MASONBORO ISLAND, NC (WECT) – Hundreds of thousands of dead fish have been reported this week at Masonboro Island by state environmental officials, according to a spokesperson for the N.C. Department of Environment and Natural Resources.

Environmental officials explain that the fish, Atlantic menhaden, which travel in very large groups, took a wrong turn, up Loosins Creek.

In under an hour, the area caused dissolved oxygen levels in the water to drop to close to zero, which ended up killing them.

As a result, the dead fish have been discovered along the island's beaches and in the water.

Officials say they've noticed a pattern of dead fish in winter months and attribute it to the menhaden tightening their school.

Workers with Coastal Management, Water Quality and Marine Fisheries are keeping an eye on the area, and throughout the weekend, dead fish will probably continue to surface.

The workers have a monitoring station set up that checks the water for dissolved oxygen levels, temperature, pH levels and other data.
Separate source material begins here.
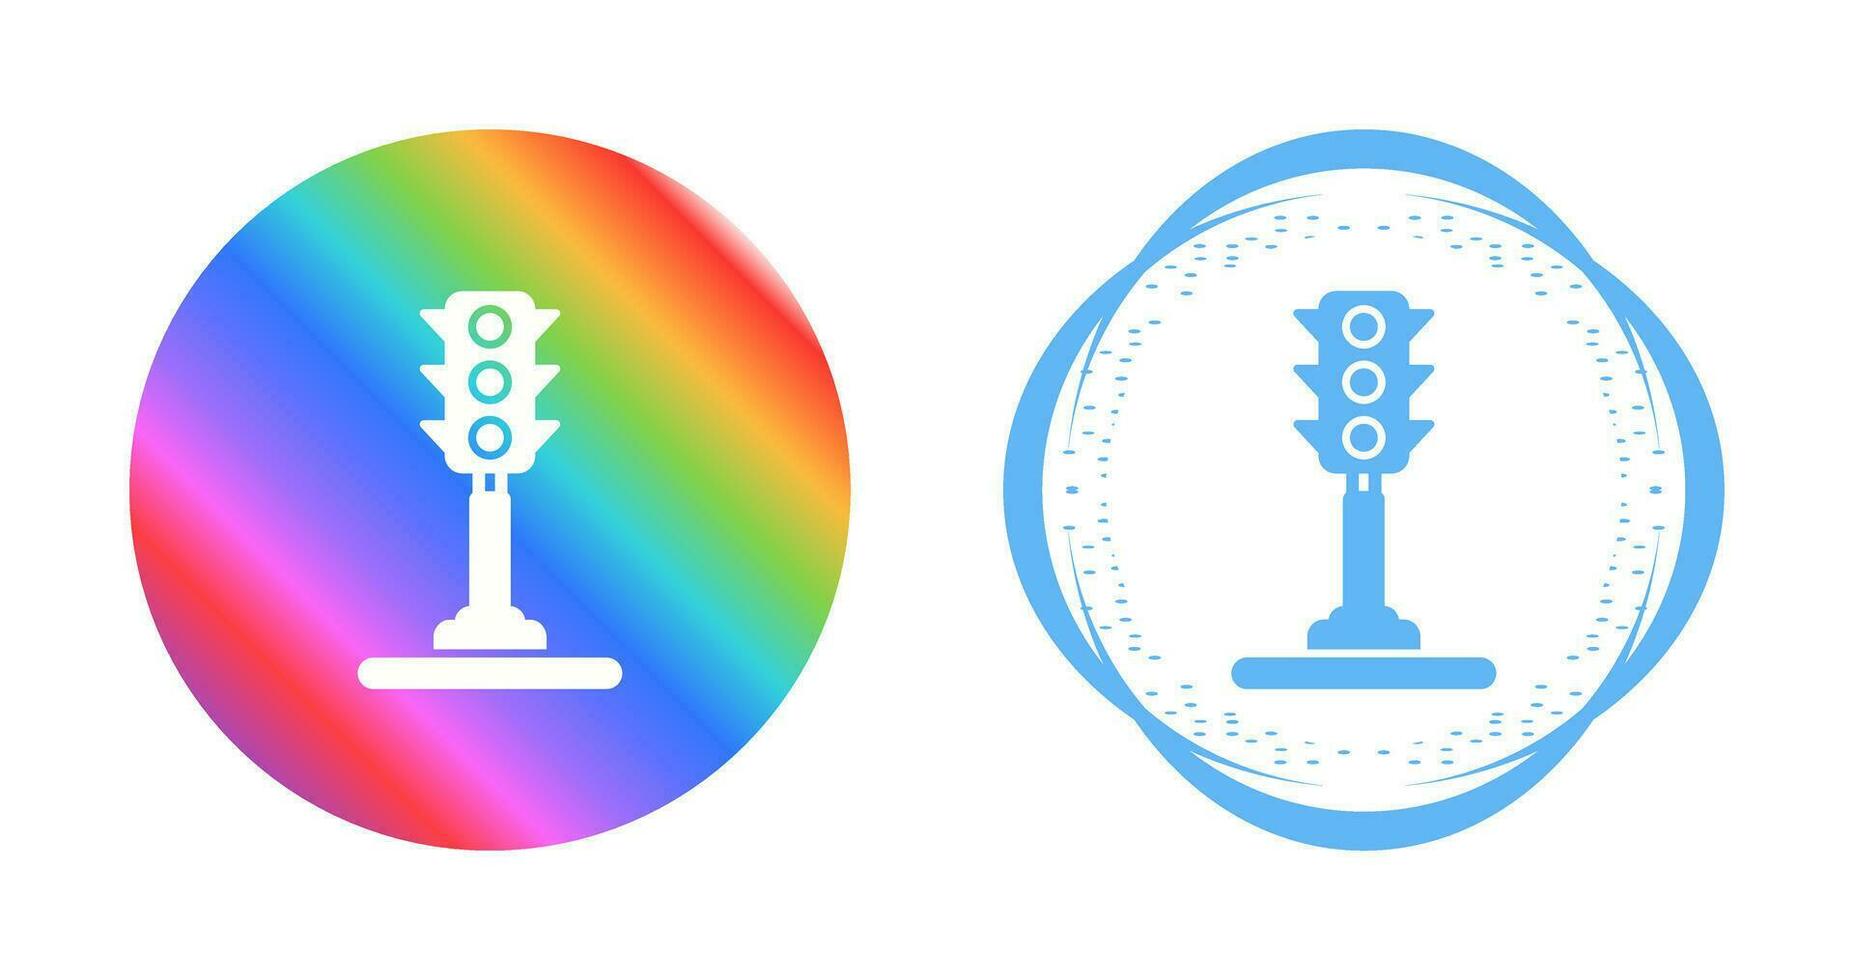 icono de vector de semáforo

"This may be the first time we have had continuous monitoring of water quality in an area at the exact time of a fish kill," said Jim Gregson, Surface Water Protection supervisor for the state Division of Water Quality, in a statement. "The data recorded by Coastal Management's monitoring station was a big help in determining the cause of this event."
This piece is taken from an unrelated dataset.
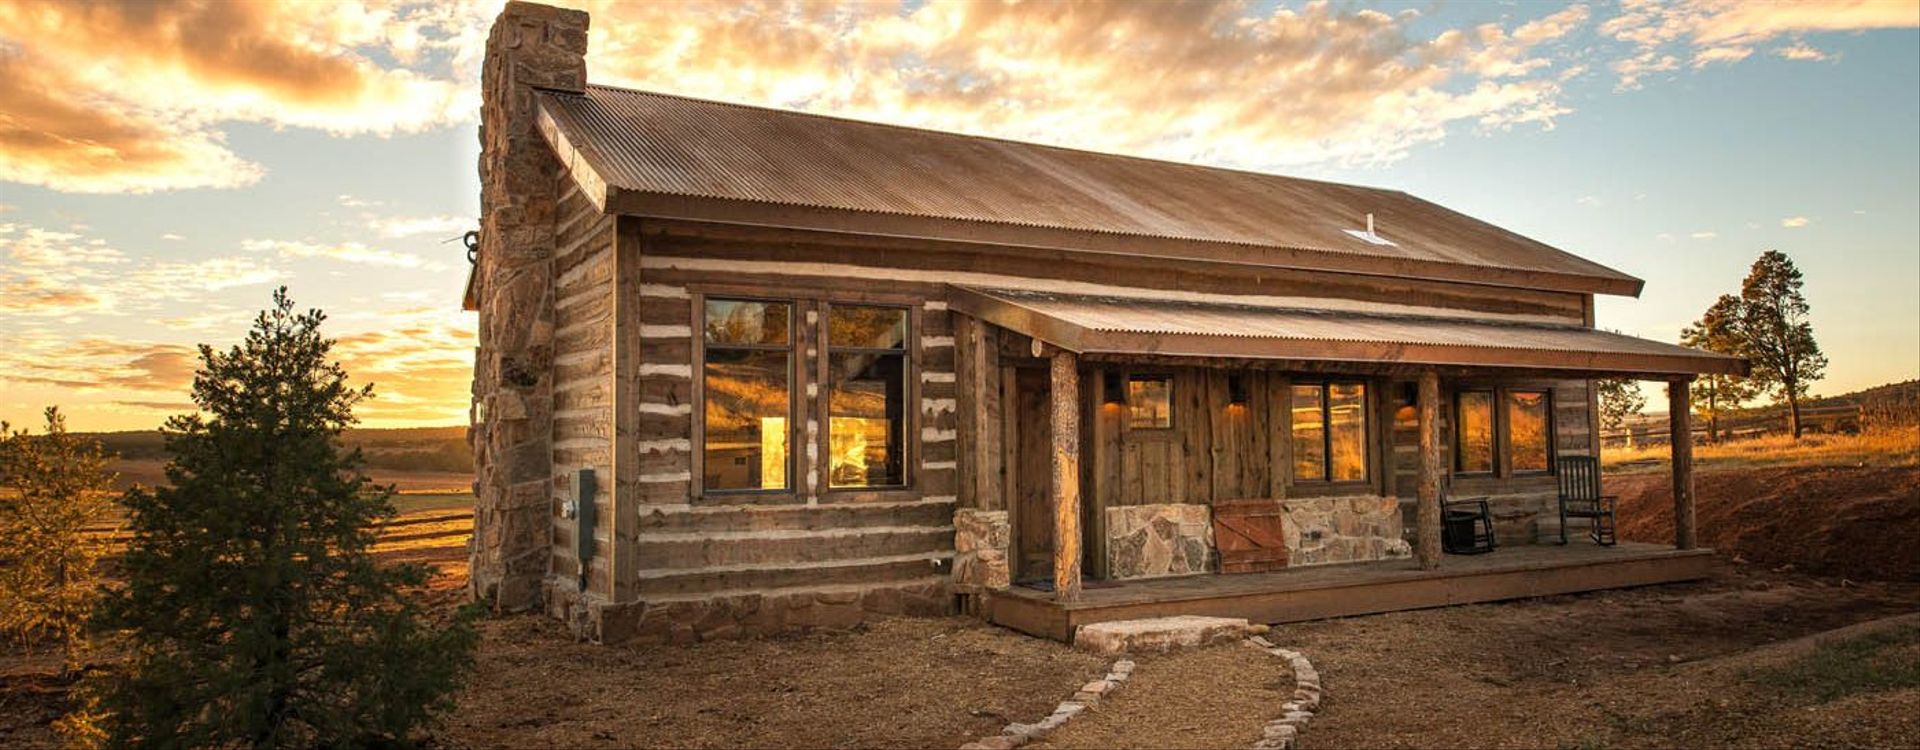 zion-mountain-ranch-sauna-lodge-1.jpeg

"You want to make sure it's not an algae or something that could be a concern for human health and a lot of times, you don't know what caused it," said Stephanie Garrett, who is with NCDENR. "Being able to look at what the physical conditions were at the time, you can see that they just ran out of oxygen."

Officials say that while the dead fish don't necessarily pose a danger to humans, they want to make visitors aware of the occurrence.

"With the weekend going to be nice and people going to be on the beaches, they're going to see dead fish," Garrett warned.